The foods known to trigger anxiety are stimulants, such as coffee, other caffeinated beverages, and alcohol. Foods that are high in sugar, or high glycemic, meaning they cause a rapid rise in blood sugar, are also associated with anxiety. Sweetened beverages, like soda and cocktails, candies, popsicles, and other sugary foods and drinks can all contribute to anxiety. People who are prone to anxiety should avoid them when possible.
5. Physical health problems
A person suffering from health problems may find that anxiety is among the symptoms they are experiencing. This is usually due to the stress caused by the medical issue.
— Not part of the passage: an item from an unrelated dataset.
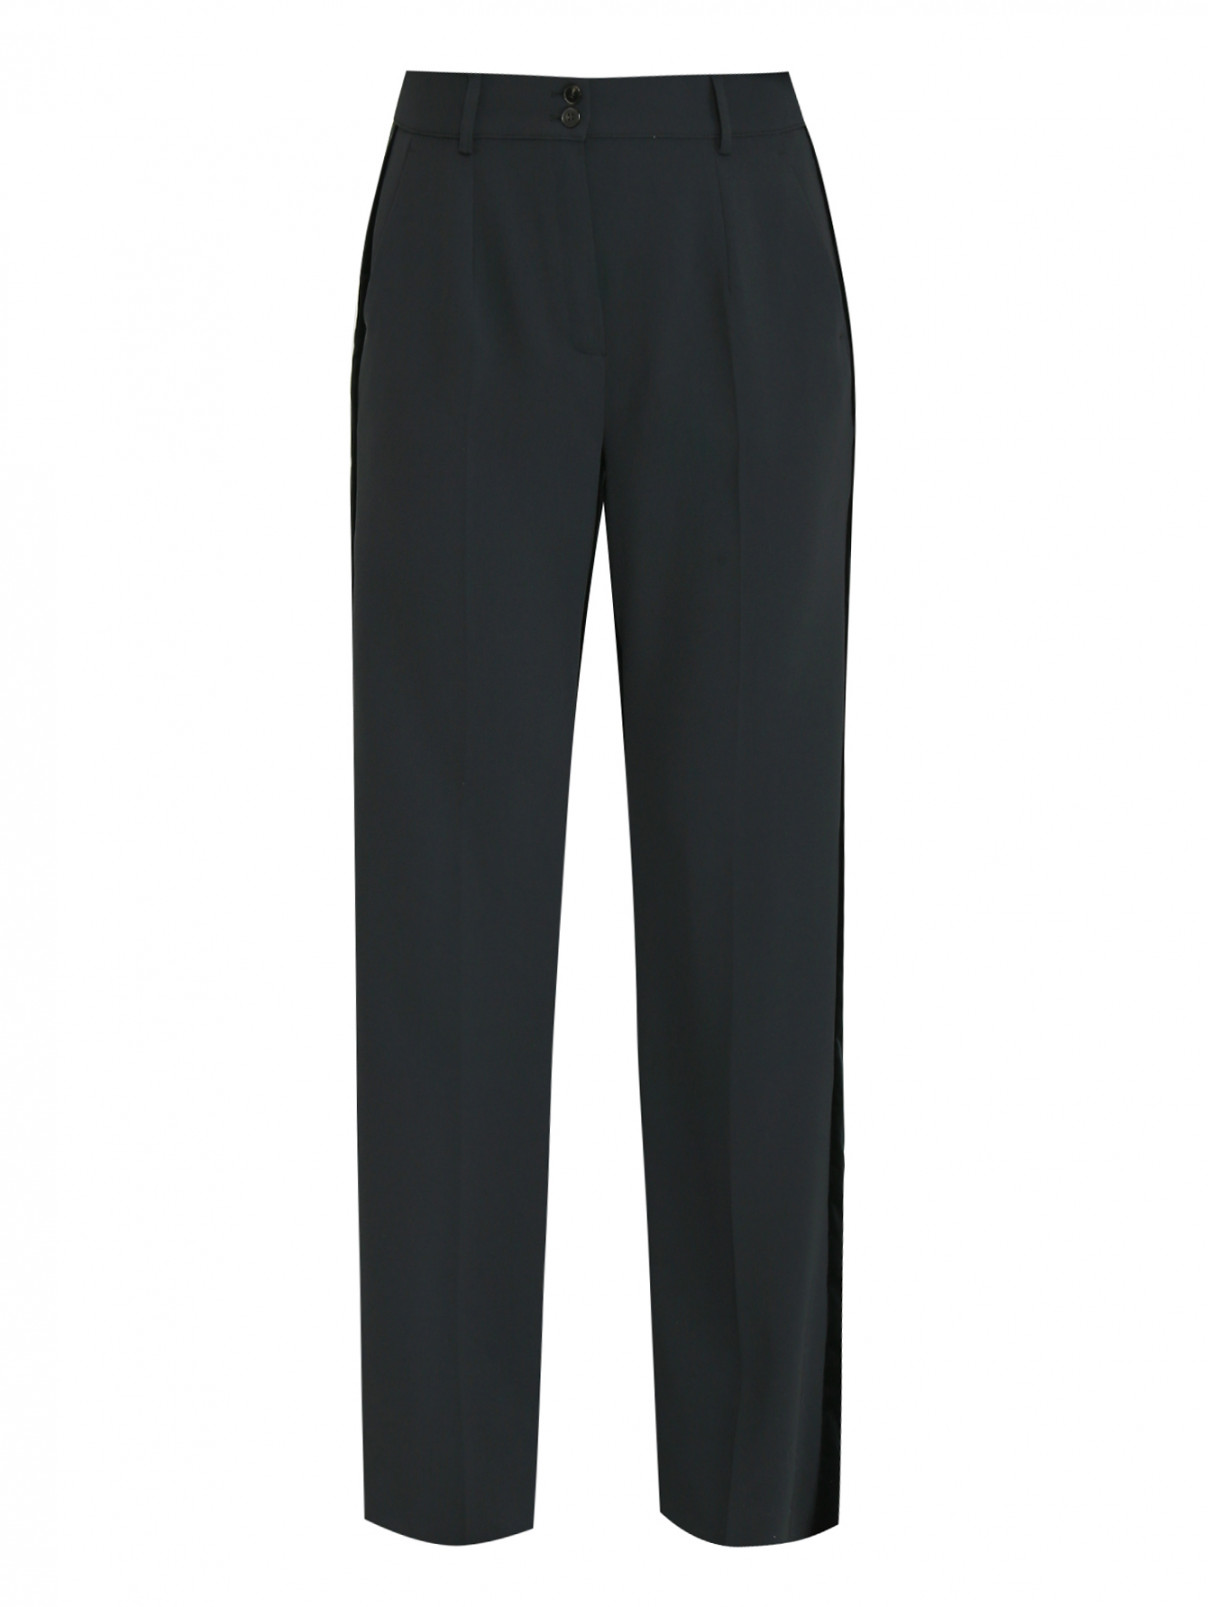 Прямые брюки со стрелками Marina Rinaldi  –  Общий вид  – Цвет:  Зеленый

For example, a person who is in chronic pain due to an illness may develop anxiety as a result.
A person who has migraines may develop anxiety around the fear of when their next episode will strike. People with physical health problems may have related issues, such as insomnia or side effects from medication. These can all be a trigger for anxiety or can be what makes anxiety worse.
When a person is anxious, they may experience a range of uncomfortable physical symptoms, such as dizziness, rapid heart rate, muscle tension, and sleep difficulties. People who are having medical issues sometimes find it difficult to determine whether a symptom is due to their condition or their anxiety. This can be a source of extra stress and trigger or worsen anxiety.
Why do I feel anxious all the time?
If you are asking this question, then it is time to start figuring out what is causing your anxiety. The list of anxiety triggers above covers the main reasons why people get anxiety attacks.
There is no formula, and the causes of anxiety are different for everyone. Only by delving into your inner world and lifestyle can you discover what triggers your anxiety so you can begin to deal with it and get on the path to a calmer, less-triggered life.